Work required => Your copy begins at the line with "En flaske 2019" and runs through the end of the data below. Set down only those lines exactly, without pictures.
━━━━━ Stored data
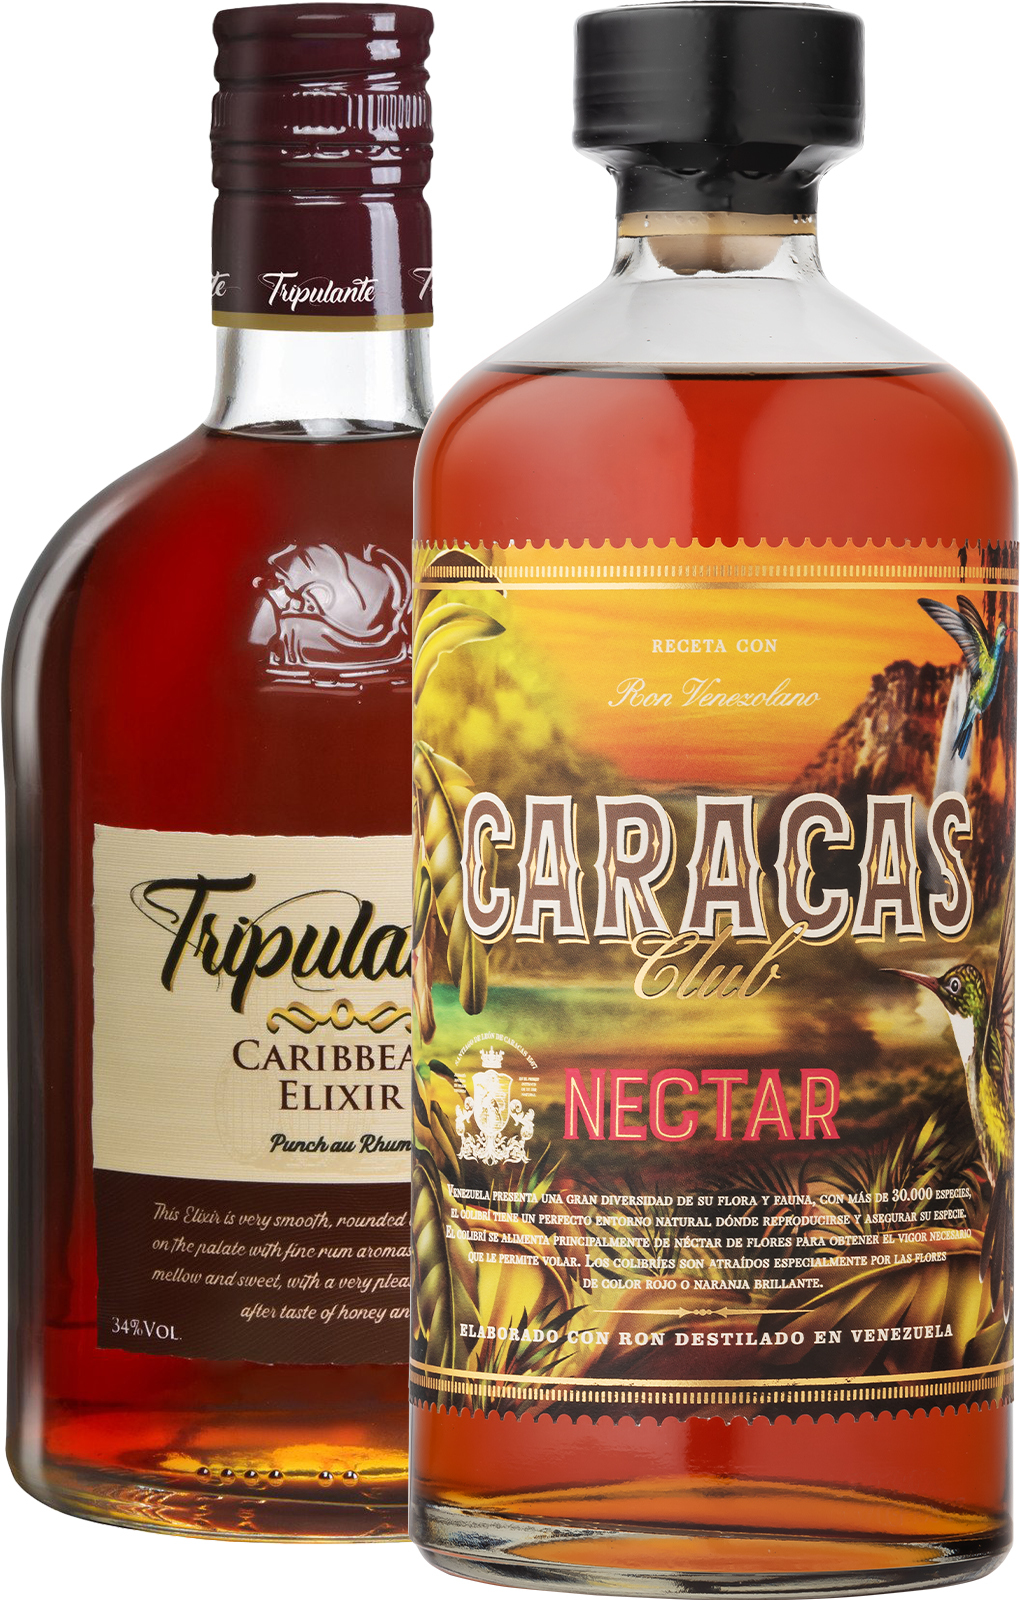 Set Caracas Club Nectar + Tripulante Caribbean Elixir (set 1 x 0.7 l, 1 x 0.7 l)
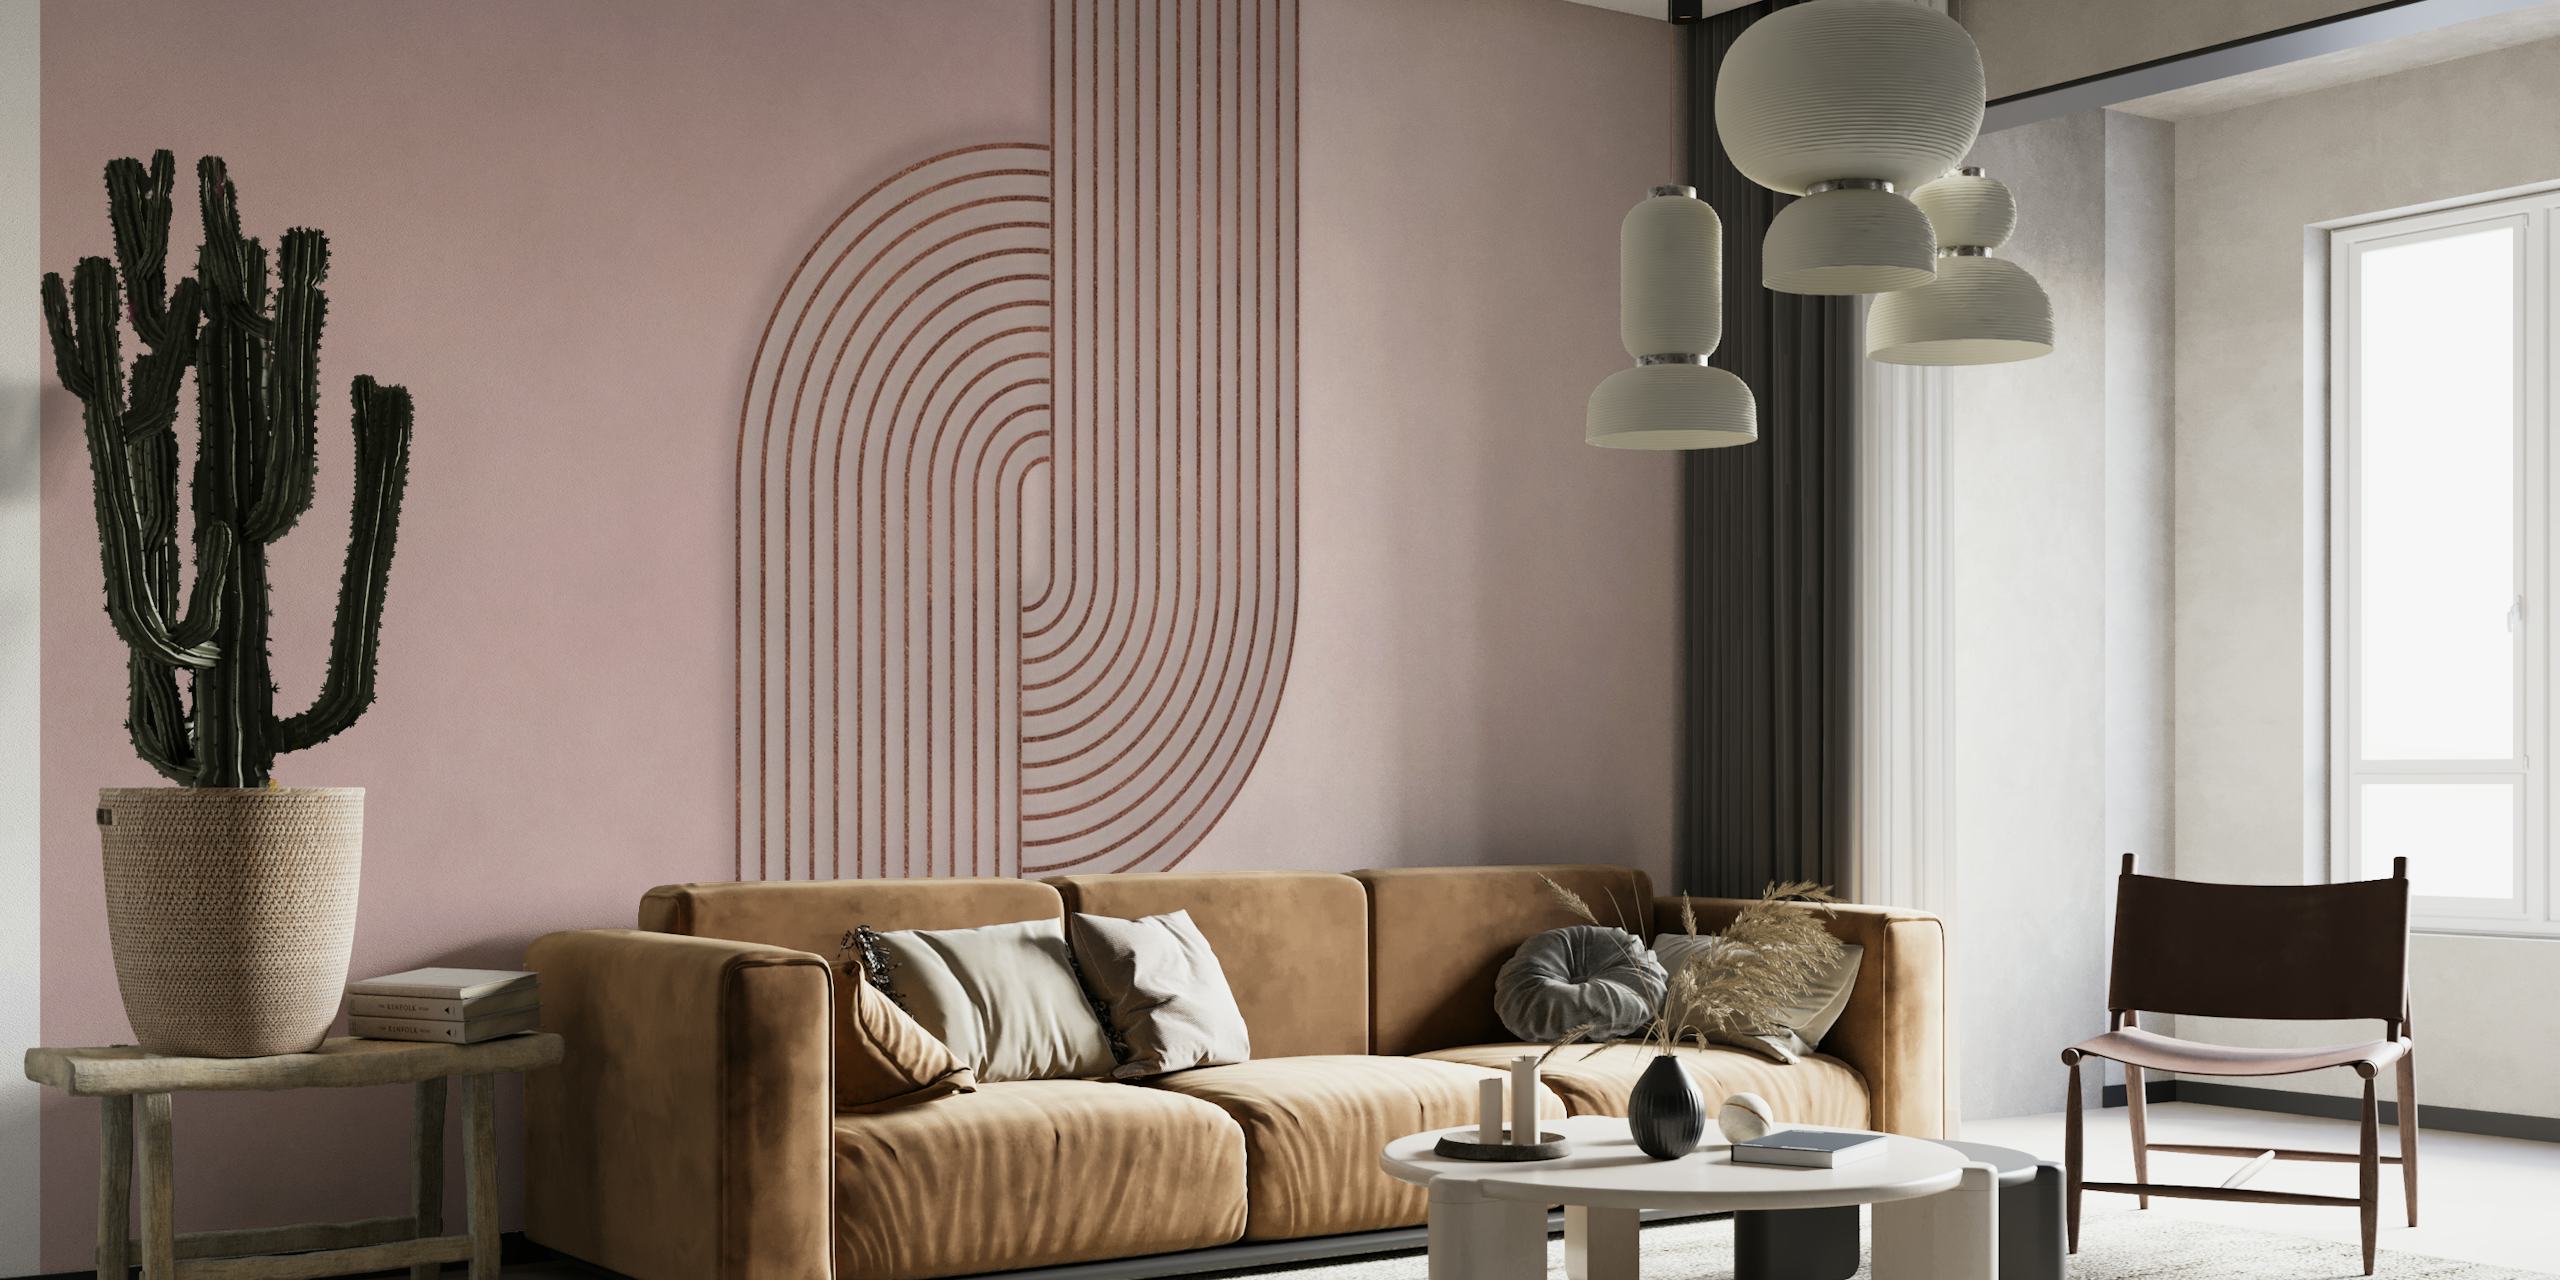 Bauhaus Twist Mid Century Modern Art Rosegold Blush Pink behang
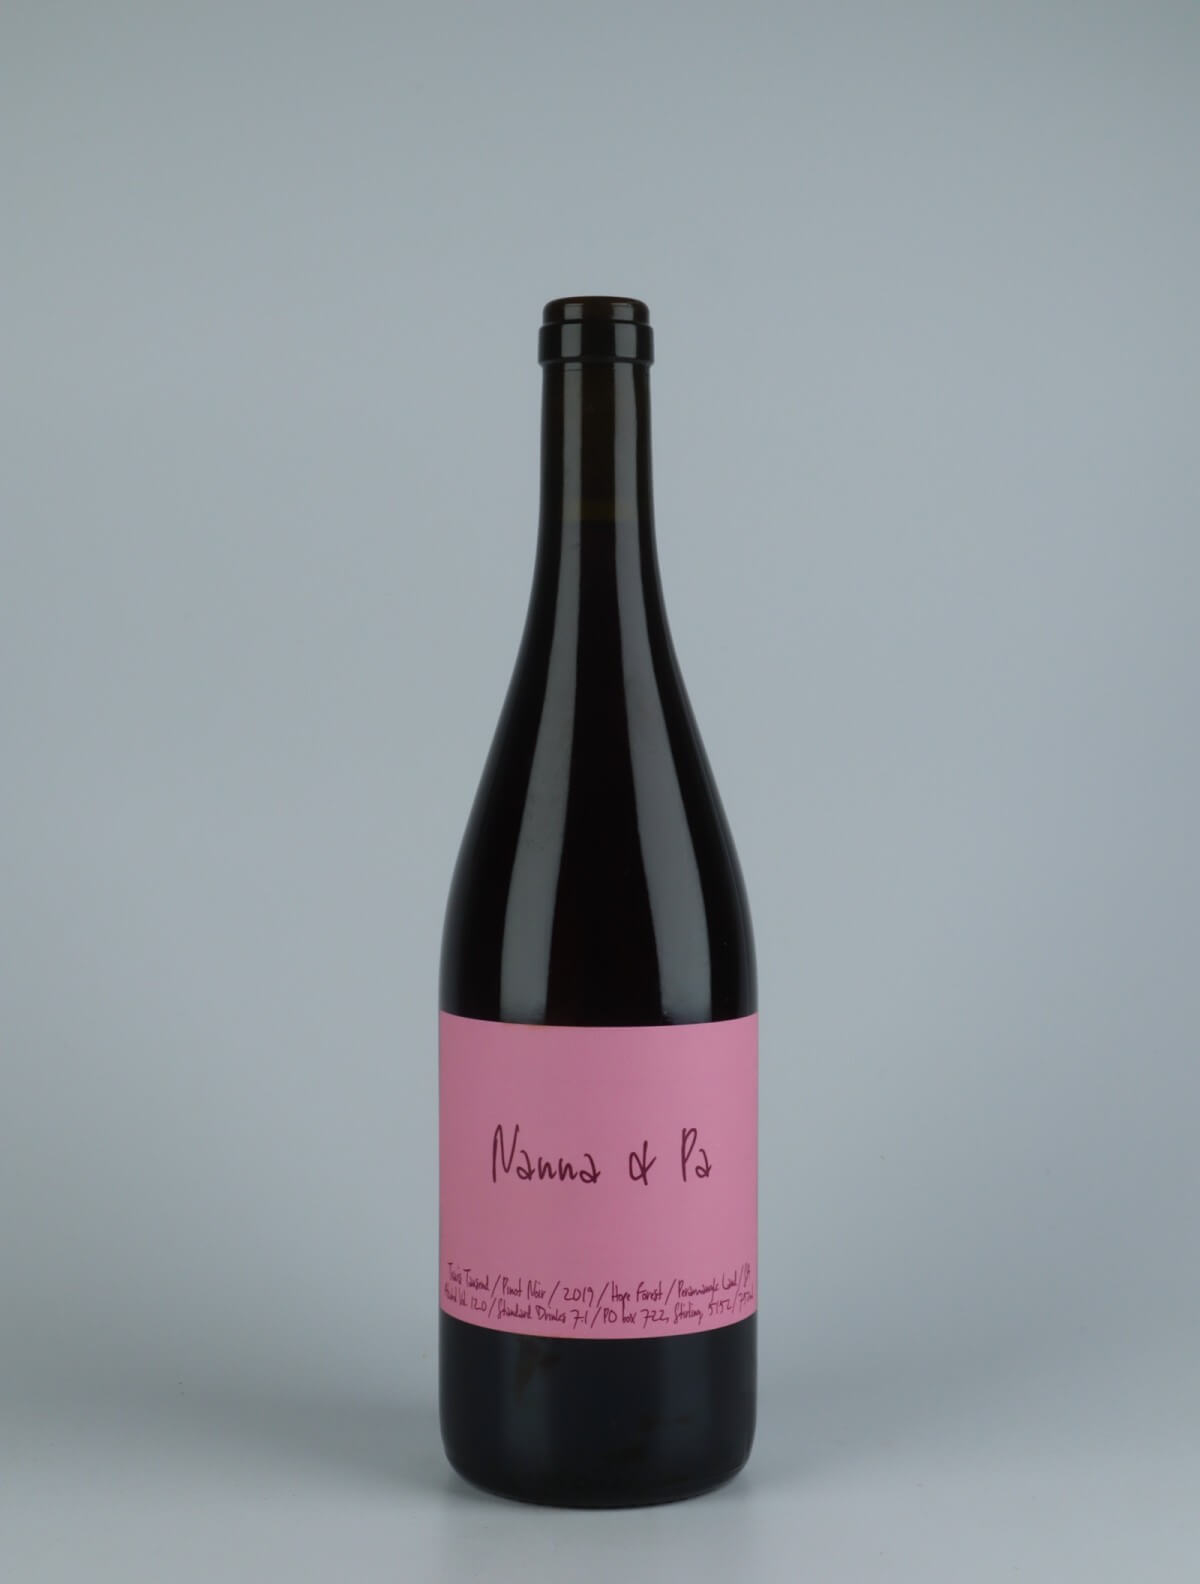 En flaske 2019 Nanna & Pa Pinot Noir Rødvin fra Travis Tausend, Adelaide Hills i Australien
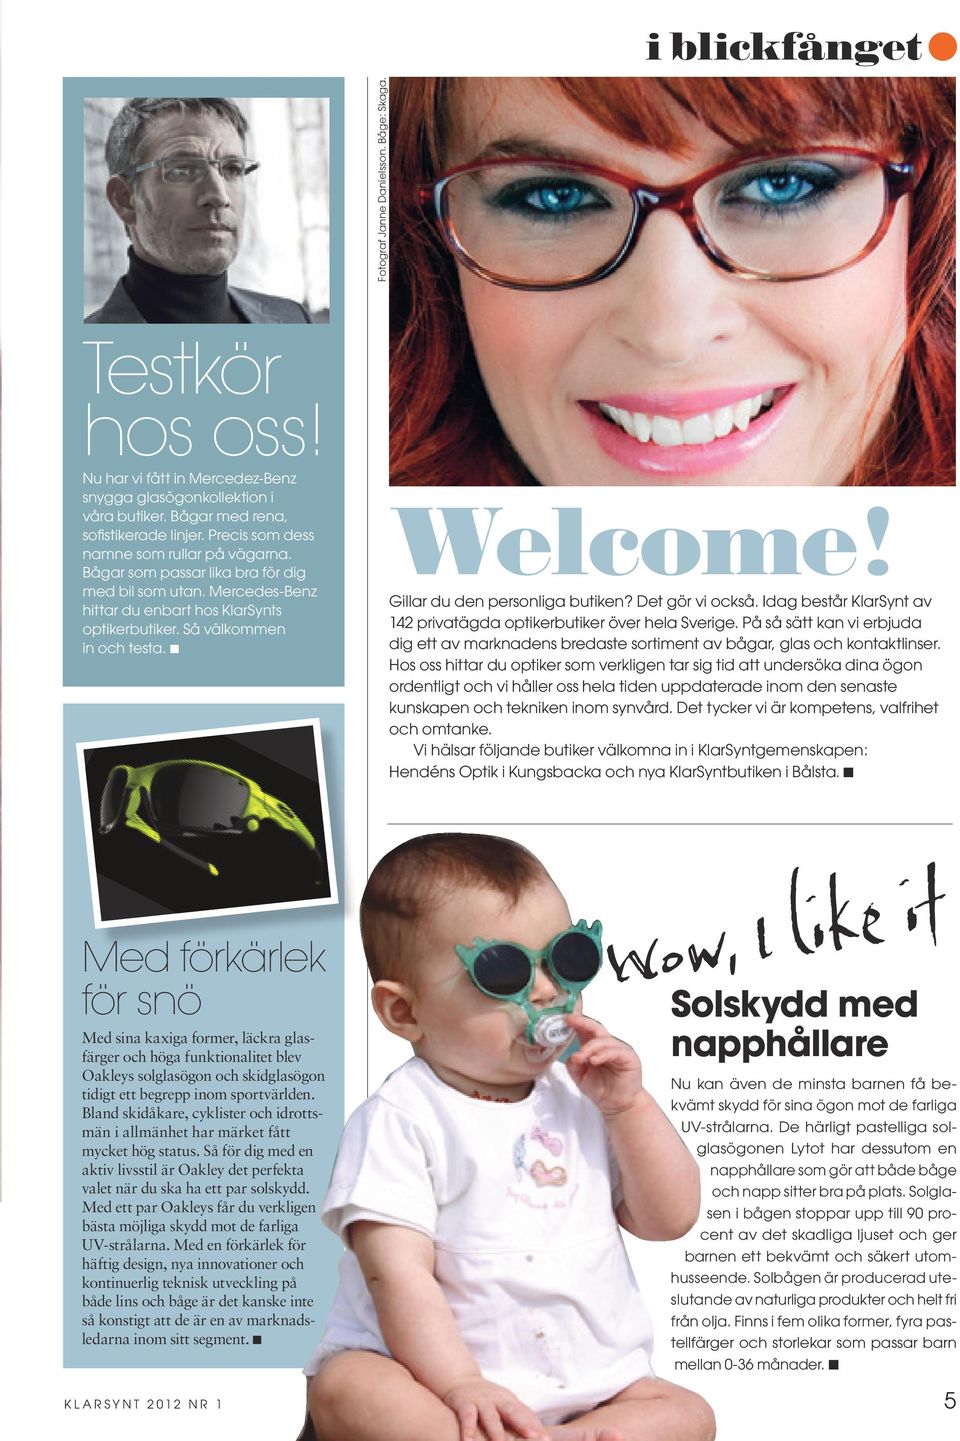 Gillar du den personliga butiken? Det gör vi också. Idag består KlarSynt av 142 privatägda optikerbutiker över hela Sverige.
━━━━━━━━━━
Result for this task =>
 En flaske 2019 Nanna & Pa Pinot Noir Rødvin fra Travis Tausend, Adelaide Hills i Australien
 Gillar du den personliga butiken? Det gör vi också. Idag består KlarSynt av 142 privatägda optikerbutiker över hela Sverige.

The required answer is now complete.